In various embodiments, the client application(s) may include a web browser (e.g., a browser, such as the Internet Explorer browser developed by Microsoft Corporation of Redmond, Wash.), a native application (e.g., an application supported by an operating system of the device, such as Android, Windows, or iOS), or other application. Each of the one or more clients may include a module (e.g., a plug-in, add-in, or macro) that adds a specific service or feature to a larger system. In various embodiments, the network 102 includes one or more of the Internet, a Wide Area Network (WAN), or a Local Area Network (LAN).

The server applications 122 may include an API server or a web server configured to provide programmatic and web interfaces, respectively, to one or more application servers. The application servers may host the one or more server application(s) 122. The application server may, in turn, be coupled to one or more data services and/or databases servers that facilitate access to one or more databases or NoSQL or non-relational data stores. Such databases or data stores may include user profile database(s) 130, user behavior database(s) 132, or social network database(s) 134. In various embodiments, the user profile database(s) 130 include information about users of the social networking system.

In various embodiments, the user profile database(s) 130 include information about a user maintained with respect to a social networking system implemented by the server application(s) 122 executing on the server machine(s) 120. For example, the user profile database(s) 130 may include data items pertaining to the user's name, employment history (e.g., titles, employers, and so on) educational background (e.g., universities attended, degrees attained, and so on), skills, expertise, endorsements, interests, and so on. This information may have been specified by the user or collected from information sources separate from the user.
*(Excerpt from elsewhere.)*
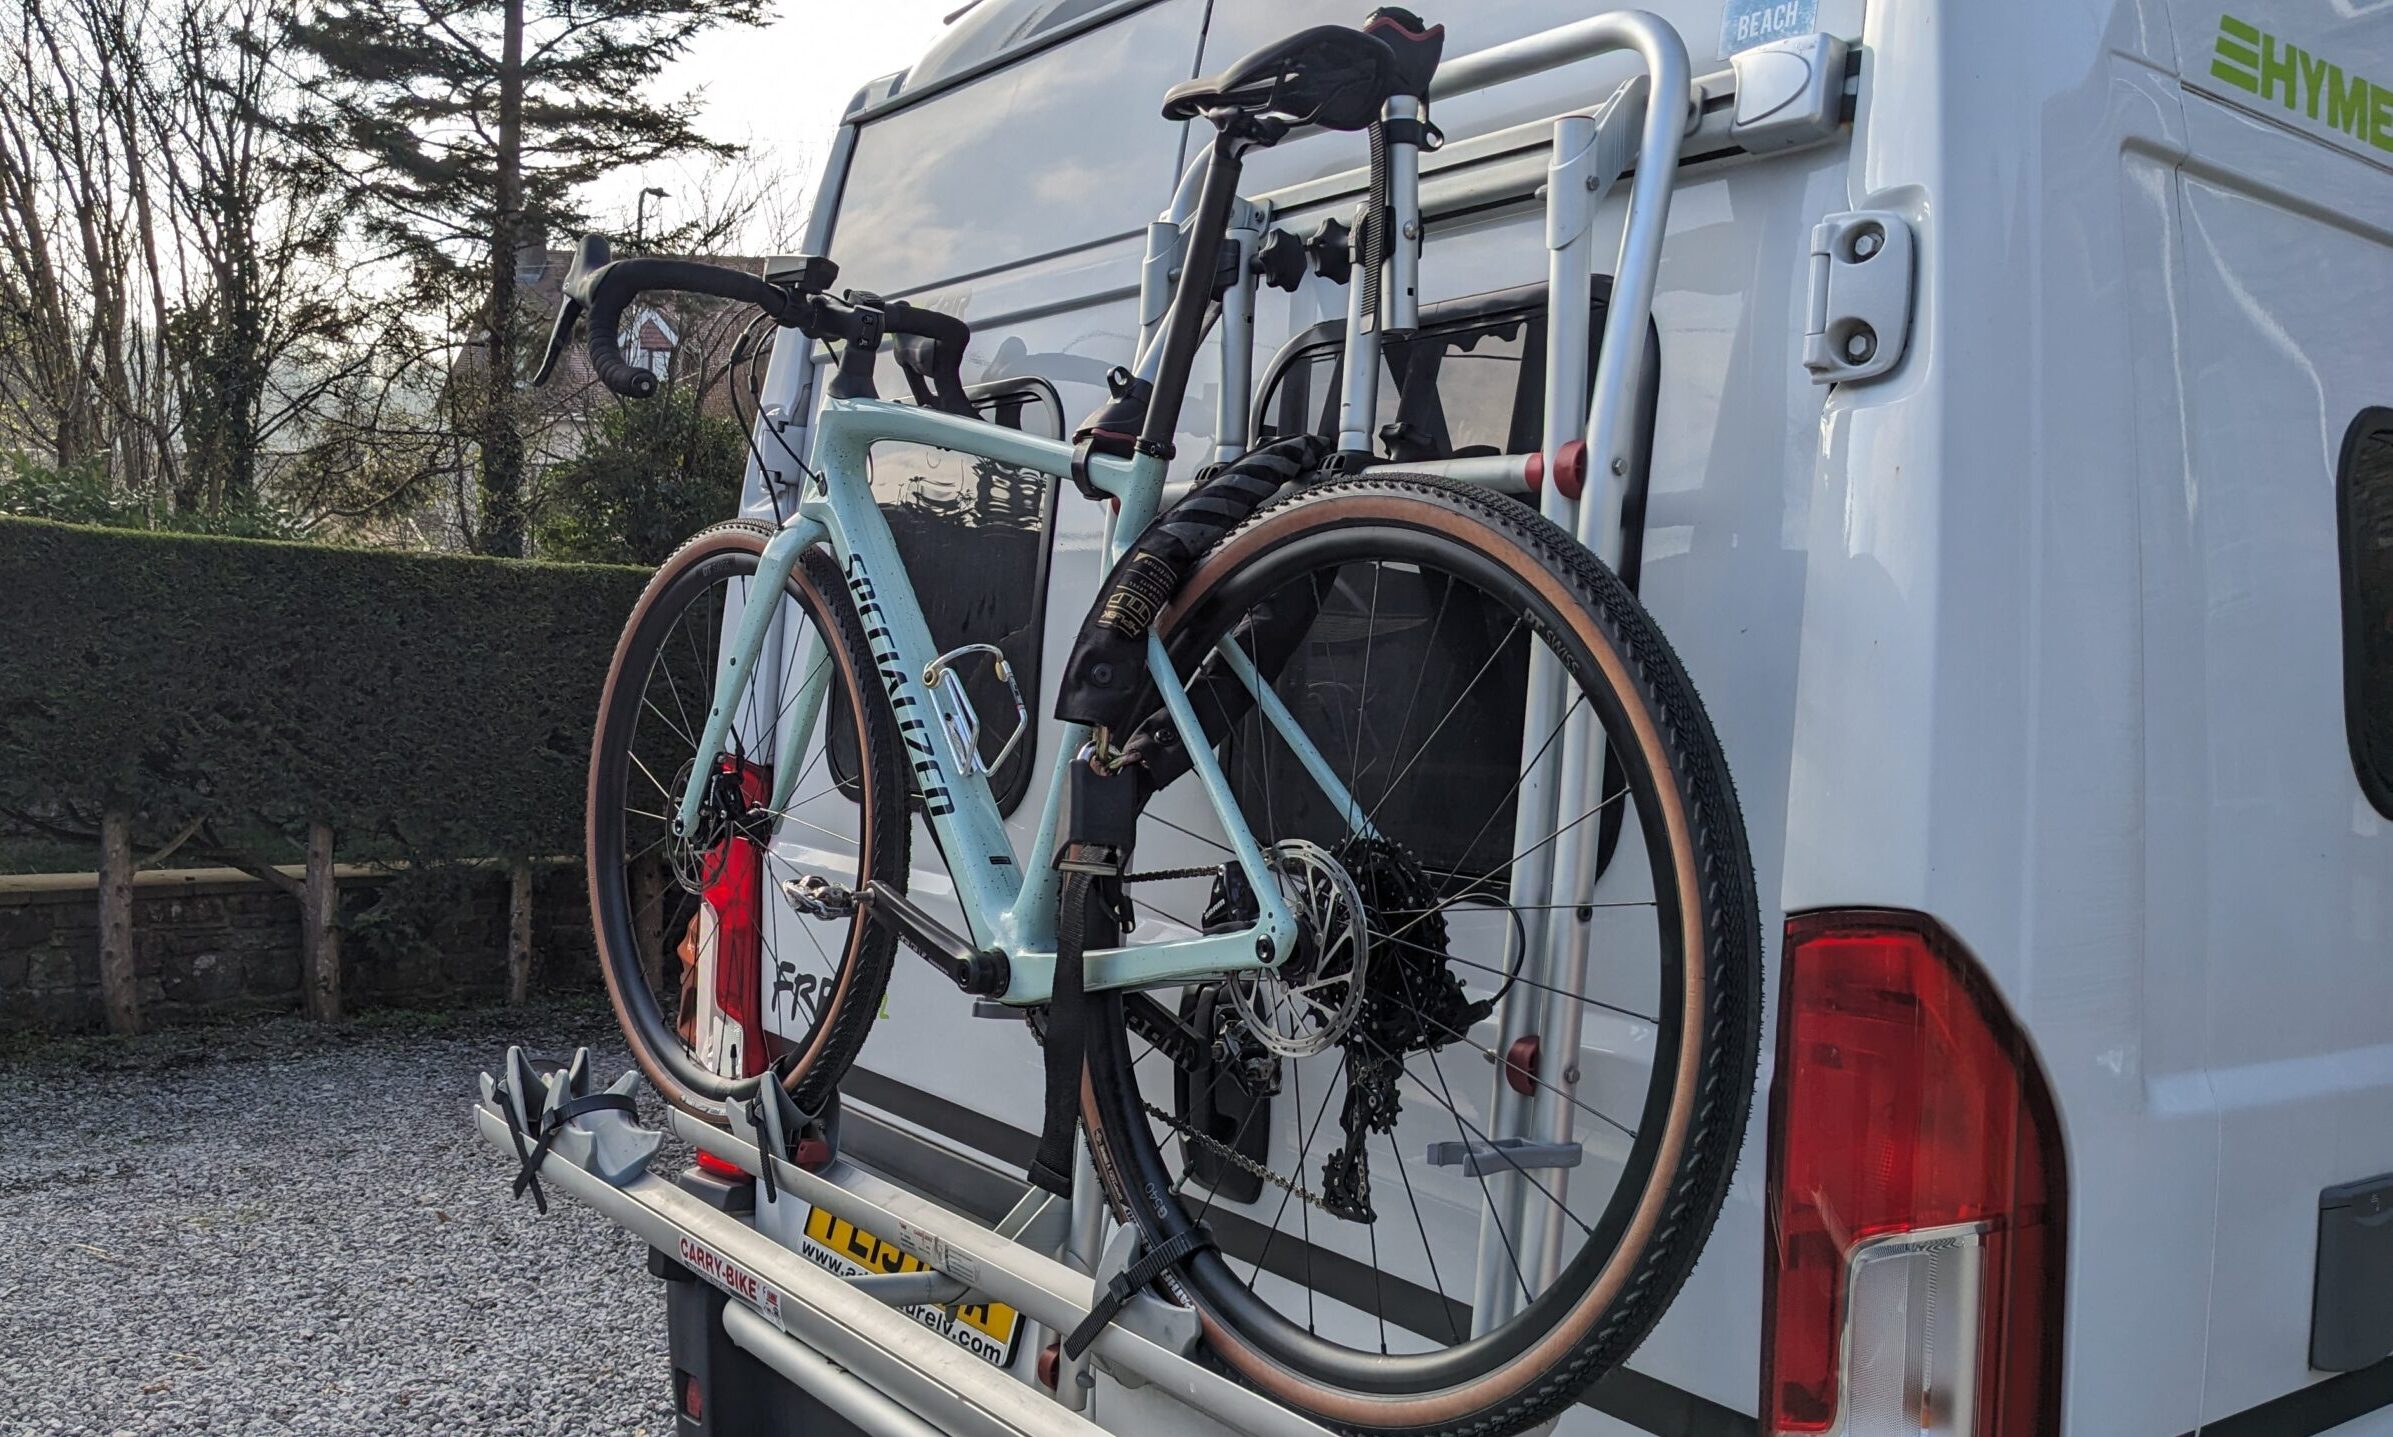 Bicycle locked to the back of a motorhome

The user behavior database(s) 132 may include information pertaining to behaviors of the user with respect to the social networking system. For example, the user behavior database(s) 132 may include data items pertaining to actions performed by the user with respect to the system. Examples of such actions may include accesses of the system by the user (e.g., log ins and log outs), postings made by the user, pages viewed by the user, endorsements made by the user, likings of postings of other users, messages sent to other users or received by the user, declarations of relationships between the user and other users (e.g., requests to connect to other users or become a follower of other users), acknowledgements of declarations of relationships specified by the other users (e.g., acceptance of a request to connect), endorsements made by the user, and so on.

The social network database(s) 134 may include information pertaining to social networks maintained with respect to the social networking system. For example, the social network database(s) 134 may include data items pertaining to relationships between users or other entities (e.g., corporations, schools, and so on) of the social networking system. For example, the data items may describe declared or acknowledged relationships between any combination of users or entities of the social networking system.

The server application(s) 122 may provide a number of functions and services to users who access the server machine(s) 120. While the server application(s) 122 are shown in FIG. 1 to be included on the server machine(s) 120, in alternative embodiments, the server application(s) 210 may form part of a service that is separate and distinct from the server machine(s) 120.

Further, while the system 100 shown in FIG. 1 employs a client-server architecture, various embodiments are, of course, not limited to such an architecture, and could equally well find application in a distributed, or peer-to-peer, architecture system, for example. The various applications could also be implemented as standalone software programs, which do not necessarily have computer networking capabilities. Additionally, although not shown in FIG. 1, it will be readily apparent to one skilled in the art that client machine(s) 110 and server machine(s) 120 may be coupled to multiple additional networked systems.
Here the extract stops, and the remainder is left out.